Die sechs Athleten seien zudem Teil einer Liste von insgesamt 23 Sportlern, die nach ARD-Informationen in Dokumenten im Zusammenhang mit Doping-Vertuschung auftauchen. Gezahlt worden seien Summen zwischen 300.000 und 700.000 Euro. Auch die derzeit wegen Dopings gesperrte Türkin Asli Cakir Alptekin, die ihre Goldmedaille über 1500 m von London inzwischen ebenfalls zurückgeben musste, hatte im vergangenen Juli zugegeben, vom Diack-Clan erpresst worden zu sein. Sie hatte eine geforderte Zahlung von 650.000 Euro allerdings verweigert und wurde gesperrt.

Offenbar hat auch die Welt-Anti-Doping-Agentur (WADA) nur zögerlich gehandelt, um gegen die mafiösen Strukturen vorzugehen. Die WADA soll die IAAF-Ethikkommission im Herbst 2014 über auffällige Blutwerte und den Verdacht der Schutzgeldzahlungen informiert haben. Im weiteren Verlauf seien die Dopingjäger diesen Hinweisen aber nicht nachgegangen. "Man kann nur von einem Komplettversagen der WADA sprechen", sagte Prokop: "Wenn sich regelwidriges Handeln beweisen lässt, ist die einzige Konsequenz, dass die handelnden Personen ihre Ämter aufgeben."

Derzeit ermitteln die französischen Behörden gegen Diack sowie unter anderem seinen Sohn Papa Massata und Diacks ehemaligen Anwalt Habib Cisse. Angeblich sollen die Beschuldigten unter anderem durch die Vertuschung positiver Dopingtests Millionen Euro kassiert haben. Die Pariser Staatsanwaltschaft geht davon aus, dass allein Walentin Balachnitschew, ehemaliger russischer Verbandspräsident und IAAF-Schatzmeister, 1,5 Millionen Euro an Diack überwiesen hat.

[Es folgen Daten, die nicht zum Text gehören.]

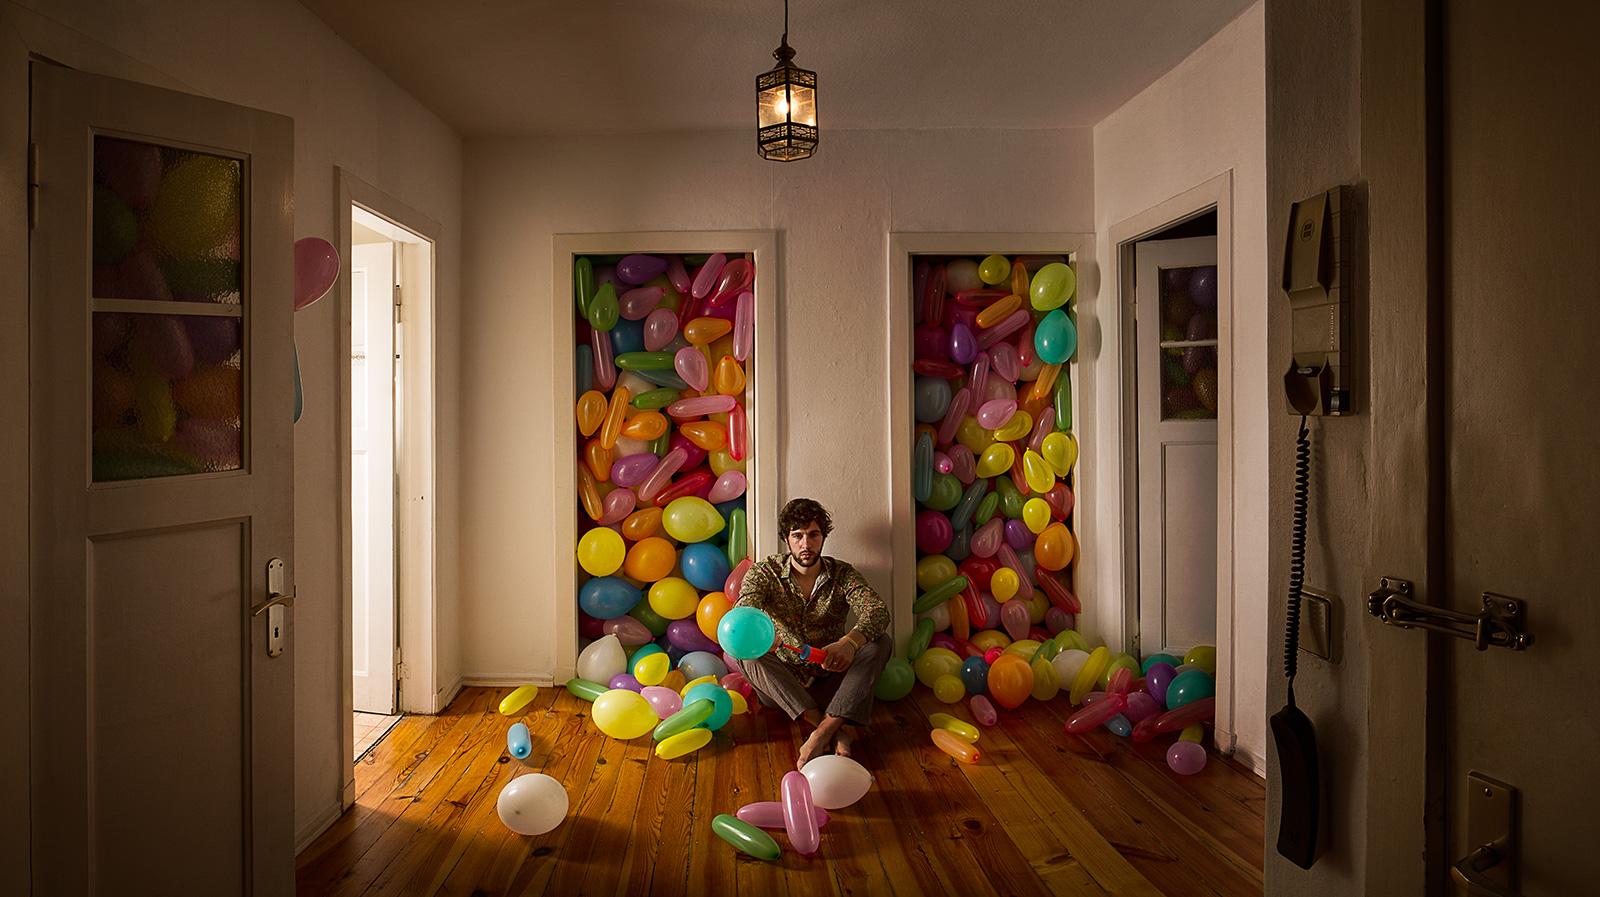 Seb Agnew – Balloons

Der neue IAAF-Präsident und Diack-Nachfolger Sebastian Coe will der tief verankerten Korruption mit einem Reformpaket begegnen. Bei einem außerordentlichen Kongress, den Prokop nach Bekanntwerden des Skandals gefordert hatte, soll am 3. Dezember in Monaco ein 15-Punkte-Programm verabschiedet werden. Das Arbeitspapier "A new Era" sieht unter anderem vor, die Macht des Präsidenten zu beschneiden, für mehr Demokratie und Transparenz vor allem im wirtschaftlichen Bereich zu sorgen und den Anti-Doping-Kampf zu forcieren. Zudem ist geplant, dass die Finanzen nicht mehr alleine Aufgabe des Schatzmeisters sind, sondern von einem Haushaltsausschuss "professioneller" verwaltet werden.